Abstract:
An endoscope having first and second viewing elements provides separate views of the passage being traversed or the organ being inspected. The endoscope is particularly useful for traversing restrictions and forming desired shapes in situ.

Description:
STATEMENT REGARDING FEDERALLY-SPONSORED RESEARCH/DEVELOPMENT 
       [0001]    Not applicable. 
       REFERENCE TO MICROFICHE APPENDIX 
       [0002]    Not applicable. 
       BACKGROUND OF THE INVENTION 
       [0003]    This invention relates generally to endoscopic devices, and more particularly to such devices with multiple fields of view. 
         [0004]    Endoscopes are used to assess surfaces of passages and/or organs in the human (or non-human) body. They conventionally include a tube for insertion into the body, a light delivery system to illuminate the organ or passage under inspection, an optical system for transmitting the image to the user, and an additional channel(s) to allow use of various medical instruments. The present invention is not limited to any particular endoscopic device, since it is well-suited for use with the vast variety of available endoscopes. Endoscopes are routinely used in visualizing the gastrointestinal tract (including the esophagus, stomach, duodenum, small intestine, colon, and bile duct), the respiratory tract, the urinary tract, vascular and other fluid channels, and various normally closed body cavities such as the abdominal cavity, joint interiors, thoracic cavity, and chest organs. 
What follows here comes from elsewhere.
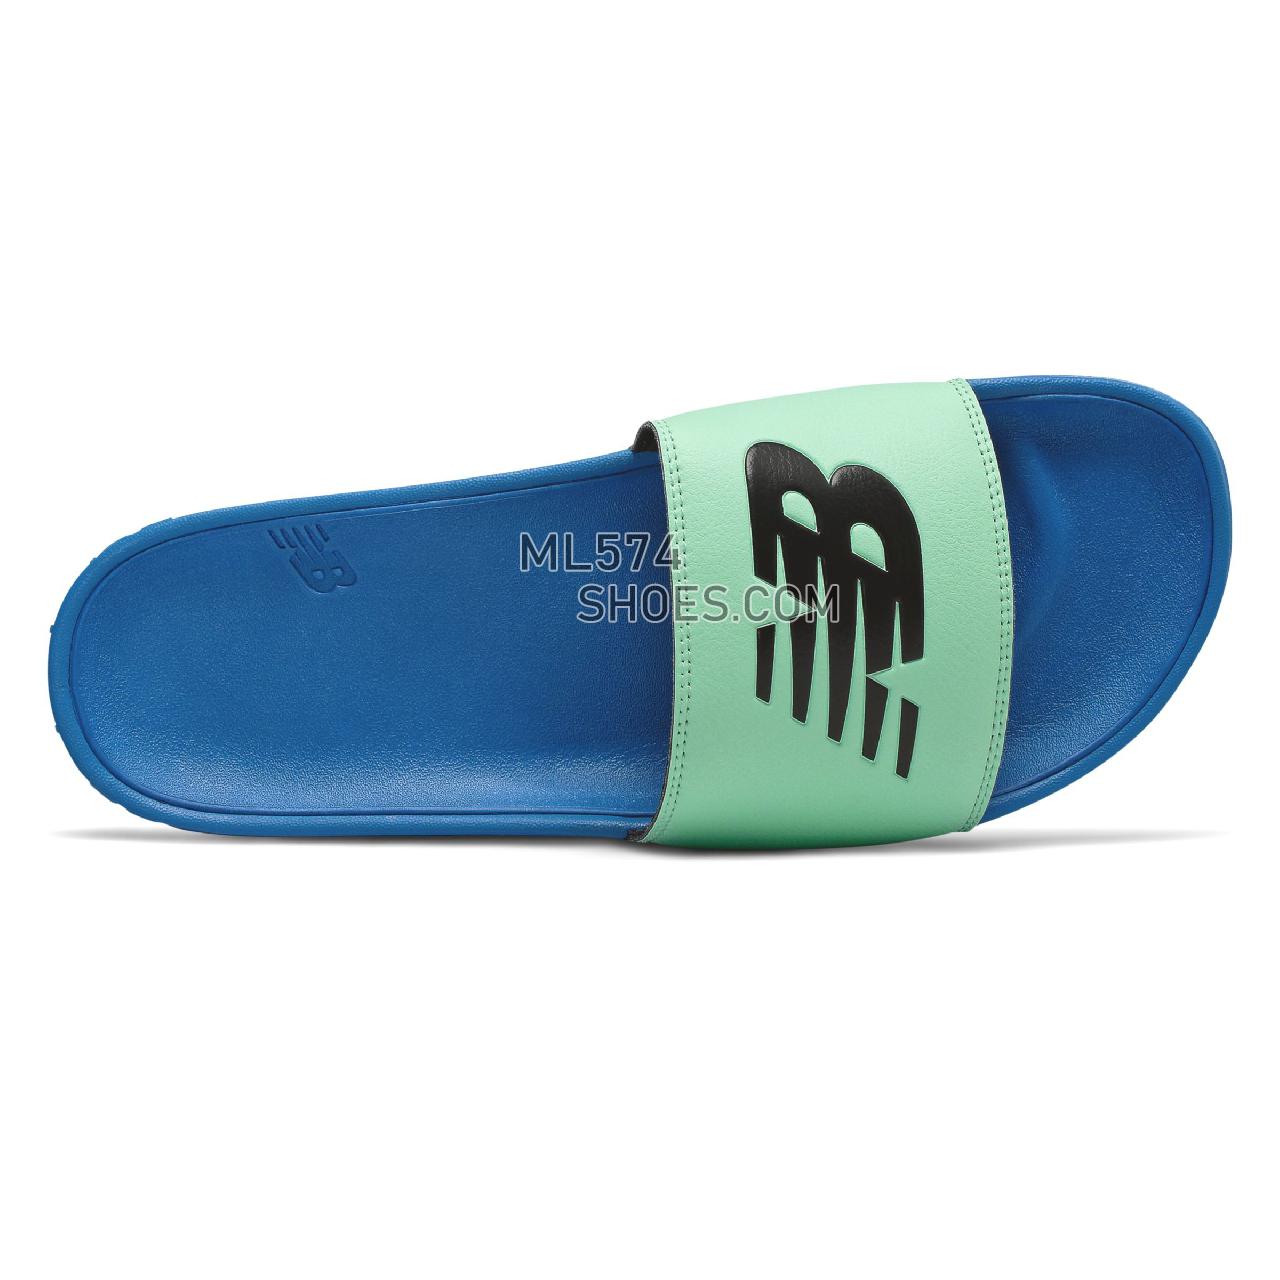 New Balance 200 - Men's Flip Flops - Neo Mint with Black and Vision Blue - SMF200MB

         [0005]    Although endoscopes are very helpful in all these applications, they could be improved. For example, during routine interrogation of the colon for endoscopic screening, areas beneath colonic folds may remain undetectable to diagnostic interrogation since sites inspected are forward to the scope view. In order to see rearward to the normal scope view, a very tight rearward-facing configuration of 180 degrees would have to be created by shaping the scope in a downgoing shape (the direction of withdrawal of the scope rather than its normal upgoing shape direction of insertion of the scope). This maneuver would require a great deal of time, and result in significant wear and tear on endoscopic elements (fibroptics, pull wires, etc.), particularly if the maneuver is repeated multiple times during a procedure. 
         [0006]    It has been recently discovered that flat lesions in the colon are also more likely than previously thought to become cancerous, but are very difficult to detect using existing colonoscopes because they do not stand out in the forward-facing field of view of conventional colonoscopes. Moreover, existing endoscopes typically provide views in only one direction at a time, thereby giving an incomplete understanding of the surface or passage being inspected. In addition, conventional endoscopes suffer from difficulties in passing through restricted areas, areas with tight curvature of flexure, or other areas of tortuosity. At a minimum, this can resulted in failed procedures and sometimes can result in perforations of the passage by the endoscope. 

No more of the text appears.